Verlaque turned around and walked the other way, pulling up a chair beside Debra Hainsby. “Are you all right, Mme Hainsby?” Verlaque asked in English. “My name is Antoine Verlaque and I’m the examining magistrate here in Aix. That’s like a—”
“A judge,” she replied, looking at him with a vacant stare. “But you take an active role in crime solving with the police. I’ve read French crime fiction.” She buried her head in her hands. “Our children . . .”
“Are they here?” Verlaque asked, aghast. Had they just seen their father die?
“No, they’re on a weekend ski trip with their school,” she replied, looking up at him. “How will I tell them? They were so disappointed to miss this service.” From her tone, the irony was not lost on her, nor was it lost on Verlaque.
Verlaque tried to focus on making her as comfortable as possible. He could hear voices around him, and people moving. He heard the doors being opened and what he knew to be the ambulance. “Can I get you anything?” he asked.
Debra Hainsby shook her head. “Was your husband ill?” he asked.
Debra shook her head. “Never. He didn’t even get colds.” “Did heart attacks run in his family? They do in mine.”
“No,” she whispered. “Cancer, yes, but the Hainsbys all have strong hearts. What just happened?” she asked, wiping her eyes with a tissue. “He kept complaining of a raging thirst, and had me feel his forehead a few times.

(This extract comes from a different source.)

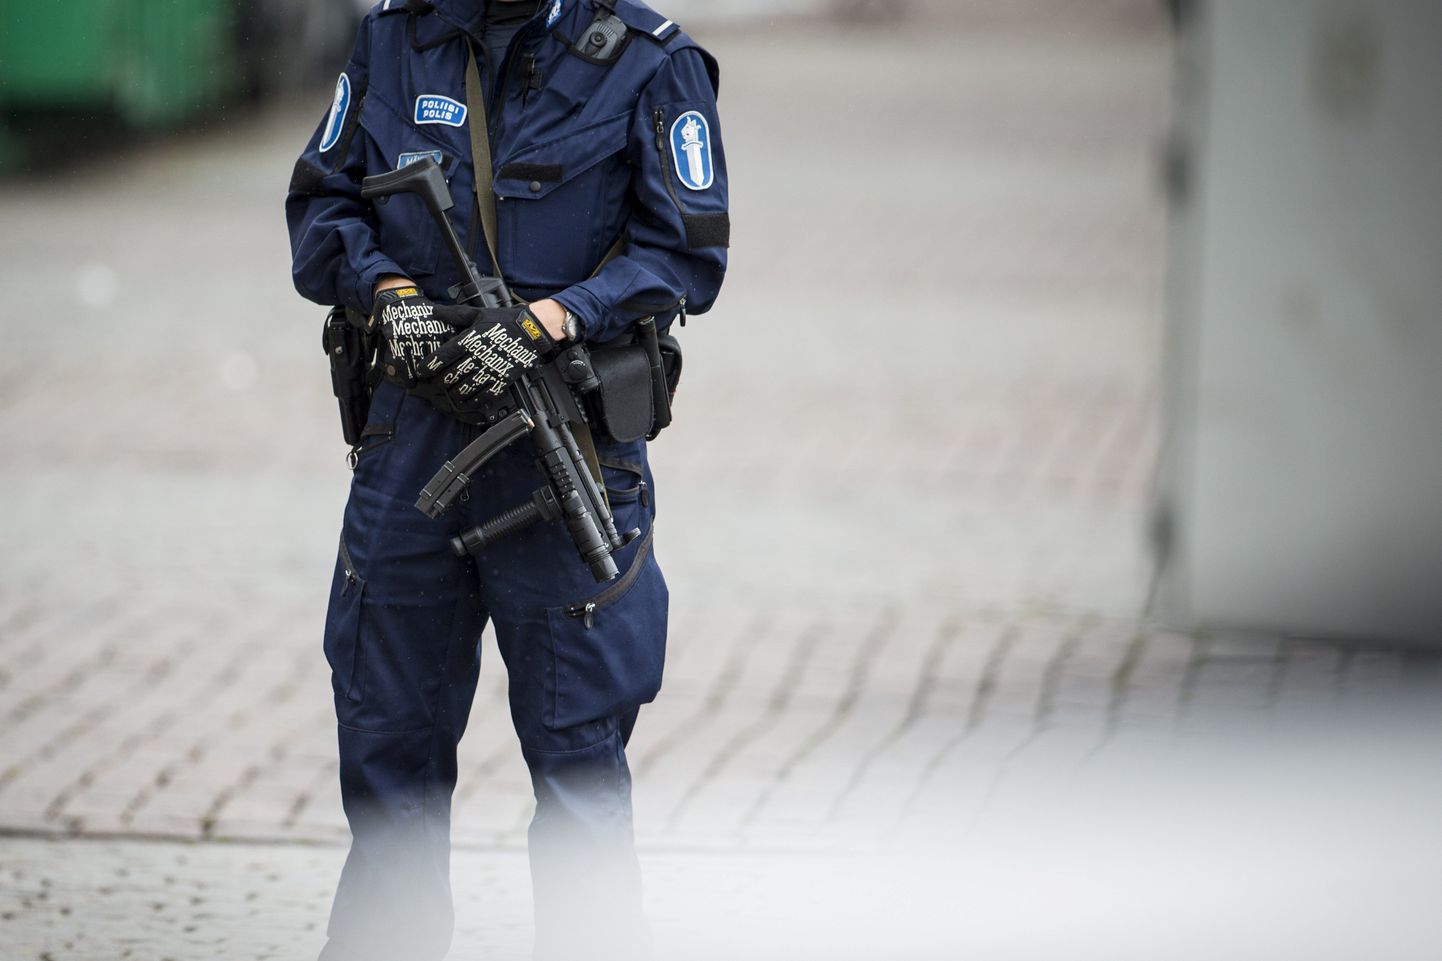 Soome politseinik. Pilt on illustratiivne.

He was burning up.”
“We’ll know more soon,” Verlaque said. “Did he complain of anything else? A tightening of the chest? Or an aching sensation in his chest or arms?”
A friend of Debra’s approached them, putting her arms around her shoulders. “Let’s get you home,” she said.
“No, I want to go with the ambulance,” Debra replied, trying to get up.
Verlaque and the other woman helped her to her feet. “Debra, do you want me to go with you?” her friend asked.
Mme Hainsby shook her head. “No, thank you.”
Her friend turned to speak to someone else, and Debra took hold of Verlaque’s arm. “I wasn’t a good wife,” she said, barely audible.